Well done to all - especially you place getters.

I bet the major movie studios are planning the brewing version of the "Best In Show" documentary on crispy


----------



## Kai (14/9/05)

SteveSA said:


> Kai,
> The one I had at Stu's was an ESB. That one didn't last long at all but has been reborn and is being kegged this week.



Geez, sometimes I wonder why my memory is so bad :chug:


----------



## BigAl (14/9/05)

Happy Days  ,

Well done to all who entered. 

46.8 for my belgian wit, i'll have to guard that recipe h34r: 
47 on your mazern Asher, i will be watching like a hawk next year when that one is brewed  

Al.


----------



## Aaron (14/9/05)

Boots said:


> Well done to all - especially you place getters.
> 
> I bet the major movie studios are planning the brewing version of the "Best In Show" documentary on crispy
> [post="77035"][/post]​



That would be even scarier than the original. Some of the judges comments would have to be censored.


----------



## Darren (14/9/05)

Well done everyone!
I can't believe they didn't my cherry lambic. Wonder if they have any enamel left on their teeth. The guidelines said it could be intensly sour. I was.

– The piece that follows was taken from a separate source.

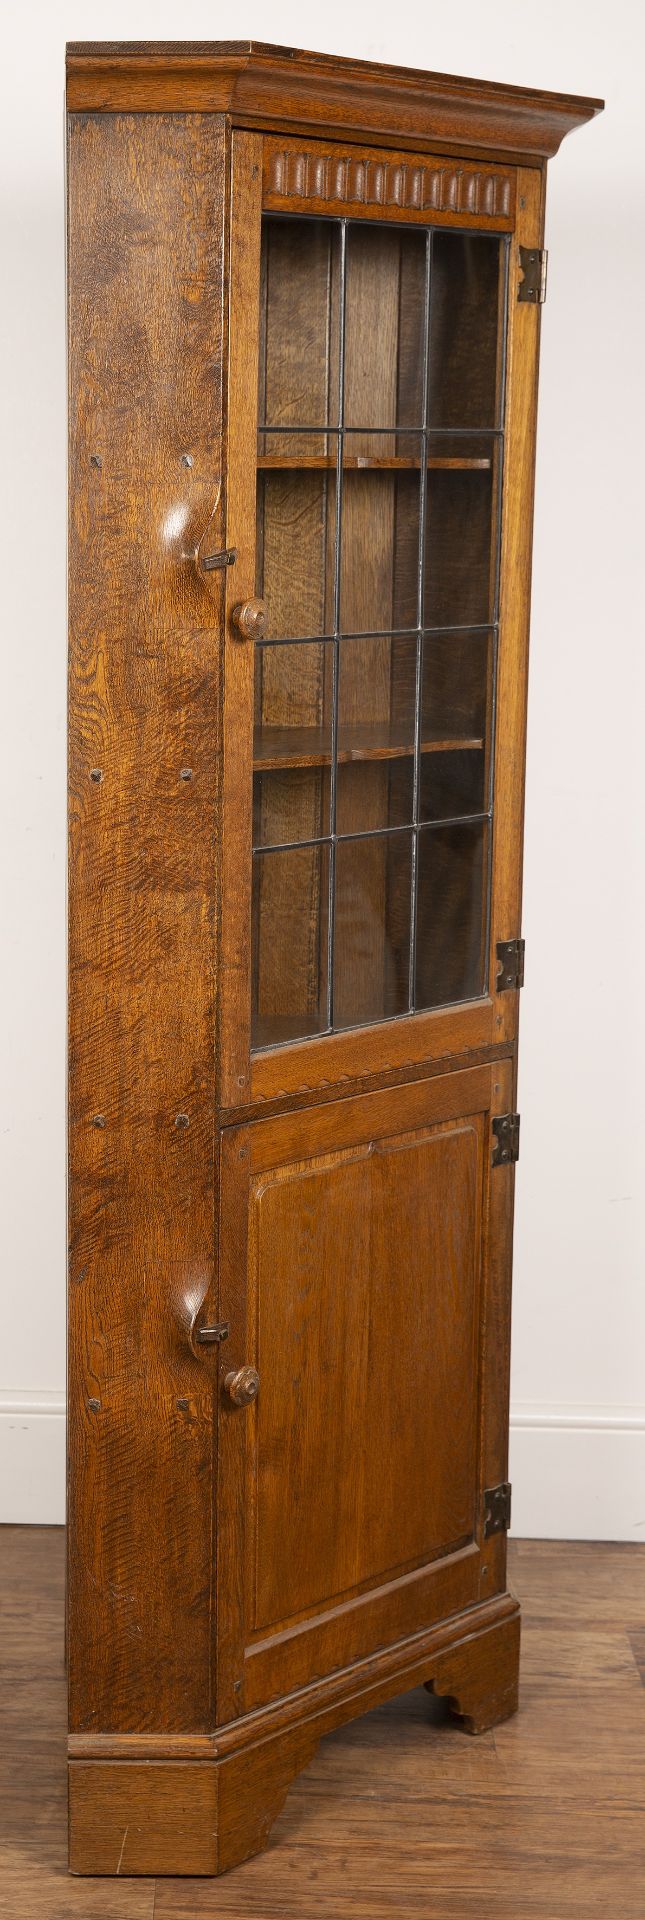 Yorkshire School oak, corner display cabinet, with astragal glazed door above a fielded panel - Image 3 of 5

Looks like most of the winners/place getters are using top quality imported malts though  
cheers
darren


----------



## bradmcm (14/9/05)

Sorry Darren,
I didn't like it, tdh didn't like it, the third judge didn't like it, the convenor didn't like it....
It, umm, needed some work....


----------



## dicko (14/9/05)

A big Well Done!! to Crispy, Steve SA and the boys from WA.

Congratulations to all the other winners and place getters.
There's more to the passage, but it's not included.